Nella sua foga Pietro ribatte alle fosche previsioni di Gesù, andando oltre alle sue capacità e impegnando tutto ciò che ha per il suo Maestro, la sua stessa vita, pur di non rinnegarlo: “Qualora fosse necessario che io muoia con te, non ti rinnegherò”. Una determinazione, quasi un atto eroico, che trascina anche tutti gli altri (v.31b), che si accodano a Pietro, facendo propria la sua ostentazione. Ma significativo è il commento dell'evangelista con cui viene introdotto il v.31, che stigmatizza quanto segue: “Ora egli parlava in modo eccessivo”. Noi diremmo: “a sproposito”, dove quel “parlava”, posto all'imperfetto indicativo, tempo durativo, lascia intendere come egli “continuasse a parlare in modo eccessivo”, emettendo in tal modo un giudizio di merito anche su quanto egli, Pietro, aveva appena detto prima al v.29.
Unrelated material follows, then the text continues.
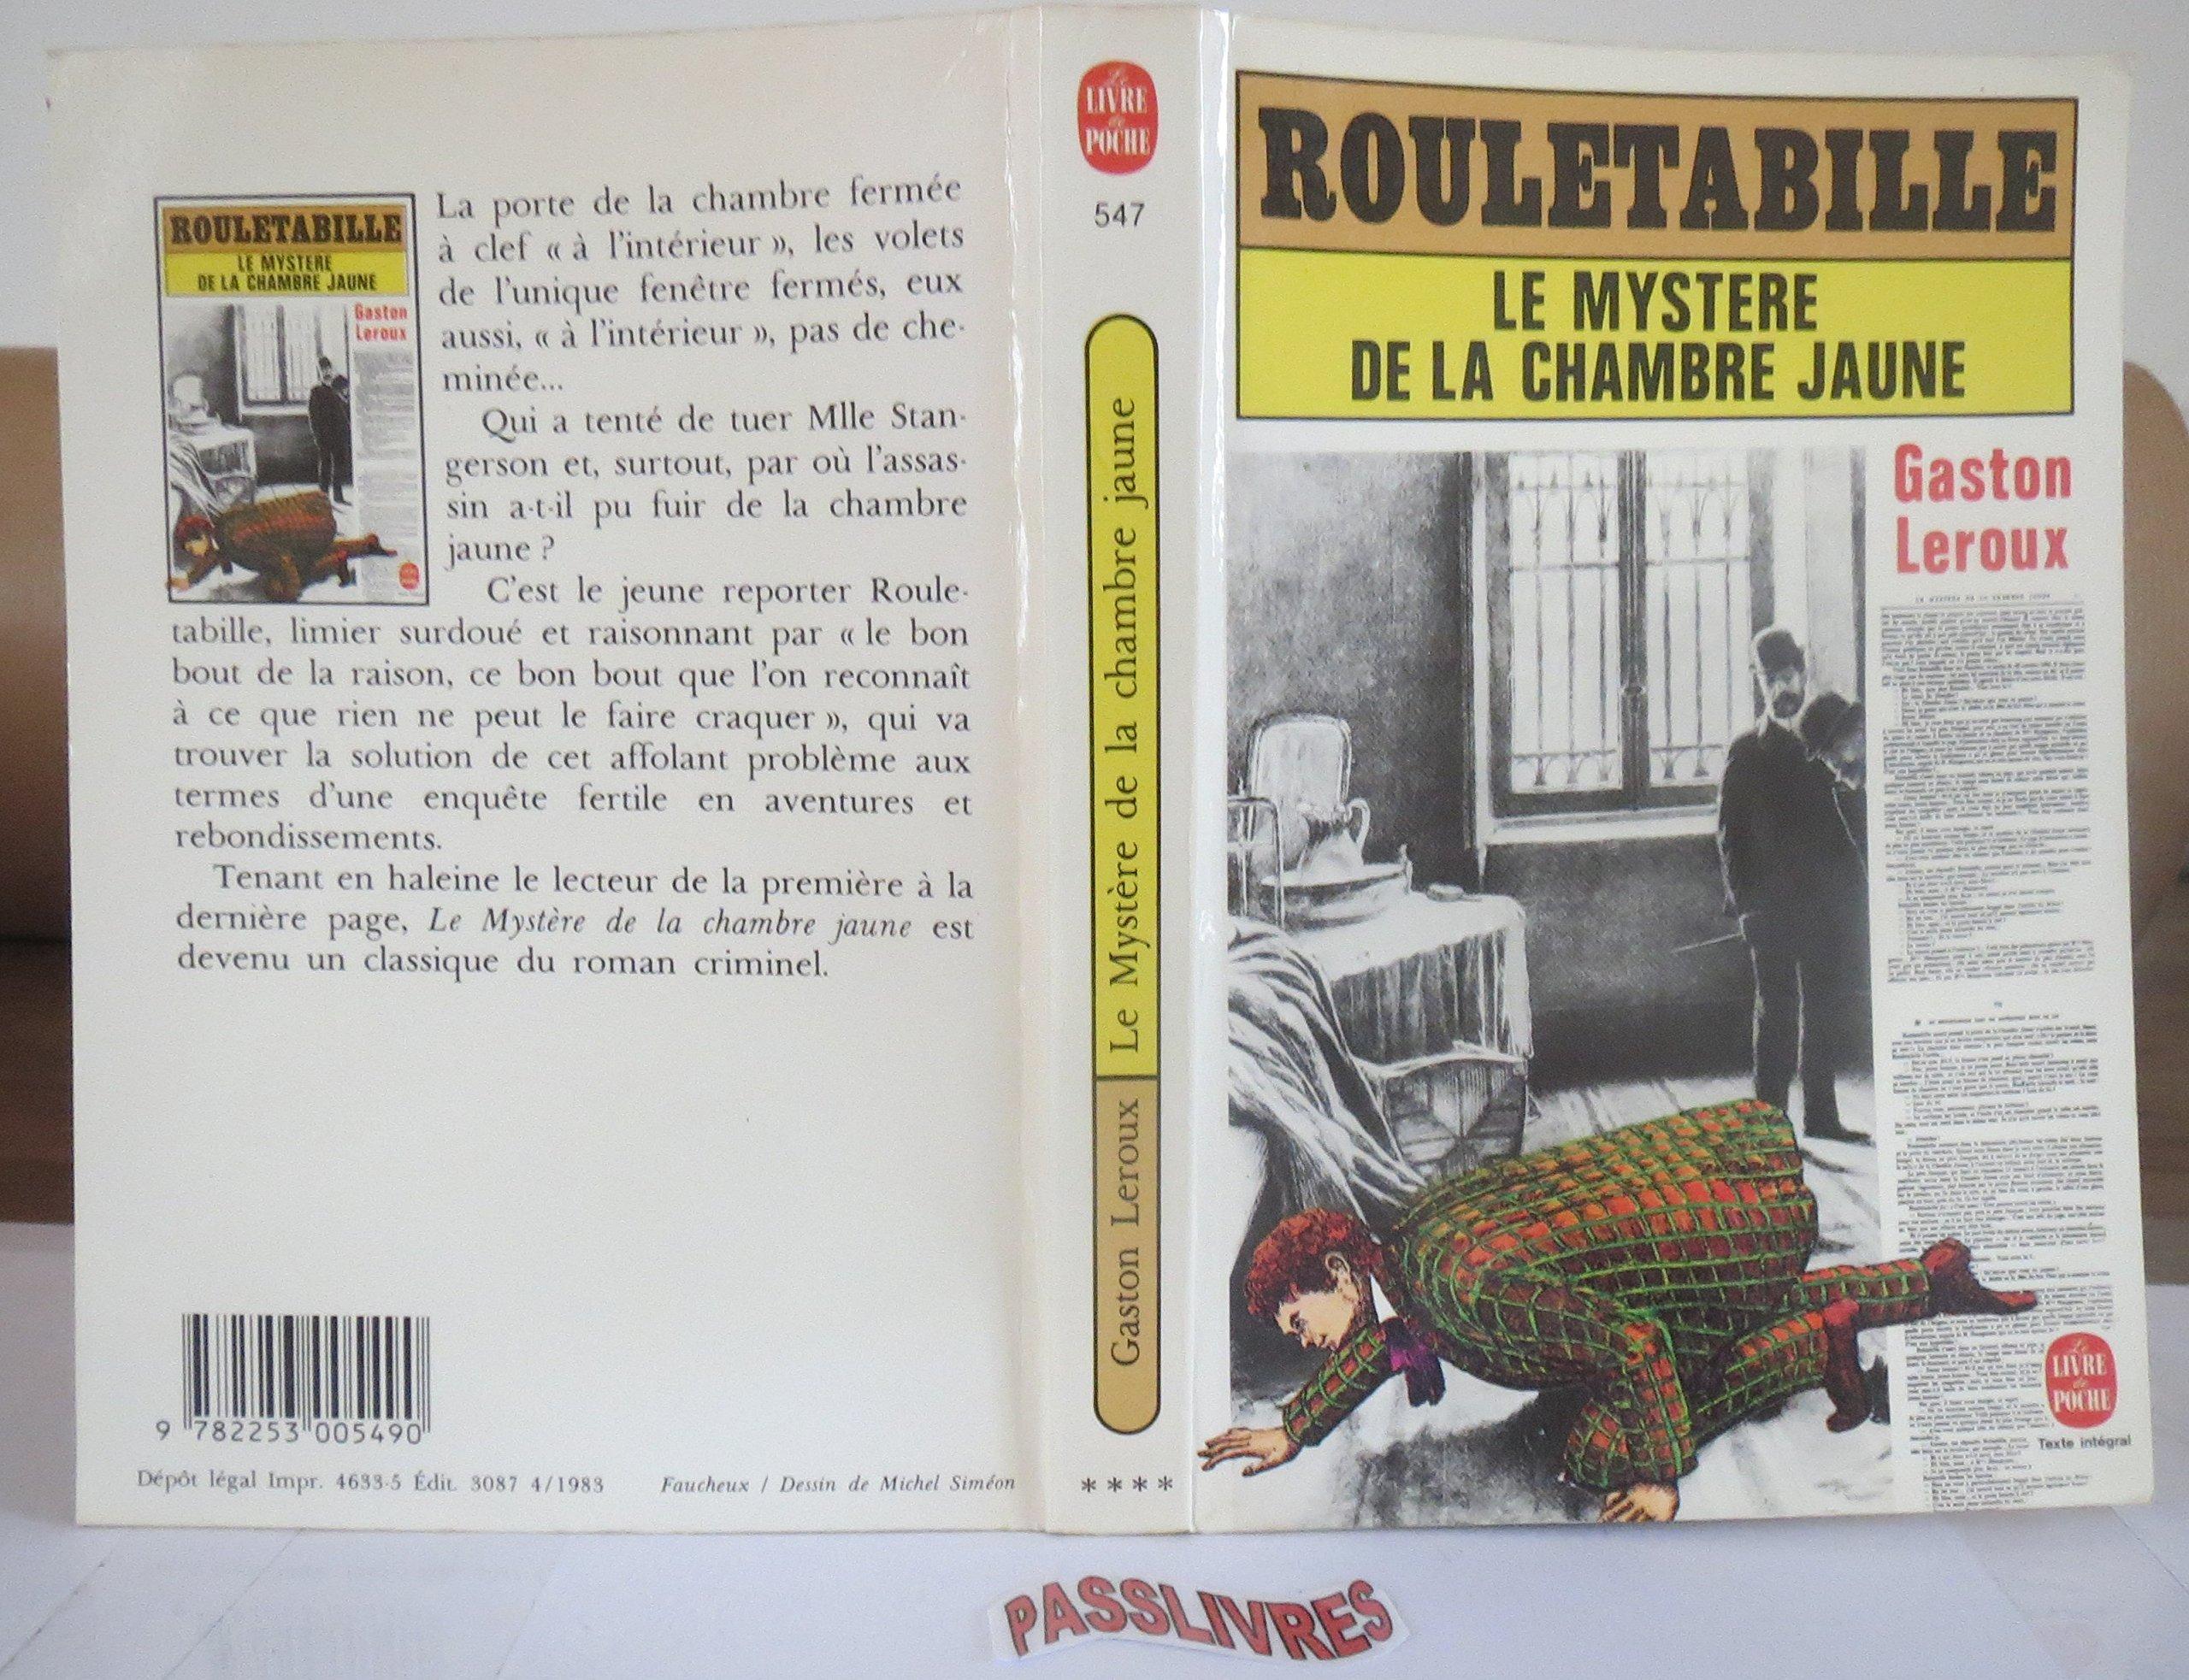 Le myst¨re de la chambre jaune Rouletabille Gaston Leroux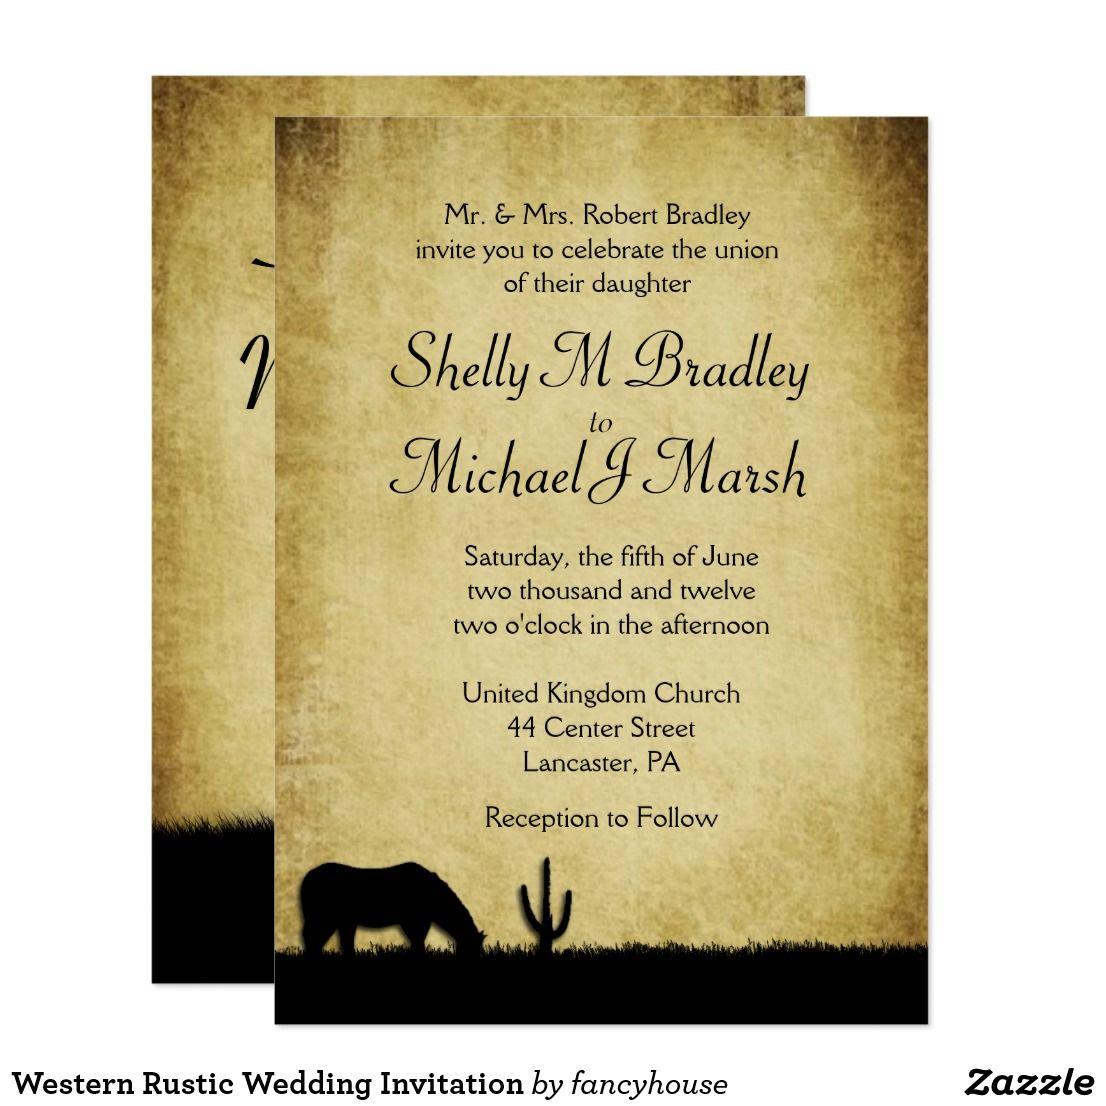 Western Rustic Wedding Invitation | Weddings

Testo a lettura facilitata

Prima scena: Gesù e i suoi (vv.32-42)

Il nuovo scenario (v.32)

32- E vanno in un luogo il cui nome (era) Getsemani e dice ai suoi discepoli: <<Sedete qui finché prego>>.

Tre testimoni esortati a vegliare (vv.33-34)

33- E prende con sé Pietro e Giacomo e Giovanni e incominciò ad essere preso da angoscia e ad essere agitato
34- e dice loro: <<L'anima mia è triste fino alla morte; rimanete qui e vegliate>>.

L'affidamento di Gesù al Padre (vv.35-36)

35- E andato avanti un po', cadeva sulla terra e pregava affinché se fosse possibile l'ora passasse oltre da lui,

36- e diceva: <<Abbà, Padre, a te tutte le cose (sono) possibili; rimuovi da me questo calice; ma non che cosa io voglio, ma che cosa tu (vuoi)>>.

La fragilità dei testimoni (vv.37-38)

37- E viene e li trova addormentati, e dice a Pietro: <<Simone, dormi? Non sei stato capace di vegliare un'ora?
38- Vegliate e pregate, affinché non entriate in tentazione: lo spirito (è) pronto, ma la carne (è) debole>>.

Gesù rinnova la sua fiducia al Padre (v.39)

39- E di nuovo andatosene, pregò dicendo la stessa parola.

La persistente incapacità dei tre a vegliare (vv.40-42)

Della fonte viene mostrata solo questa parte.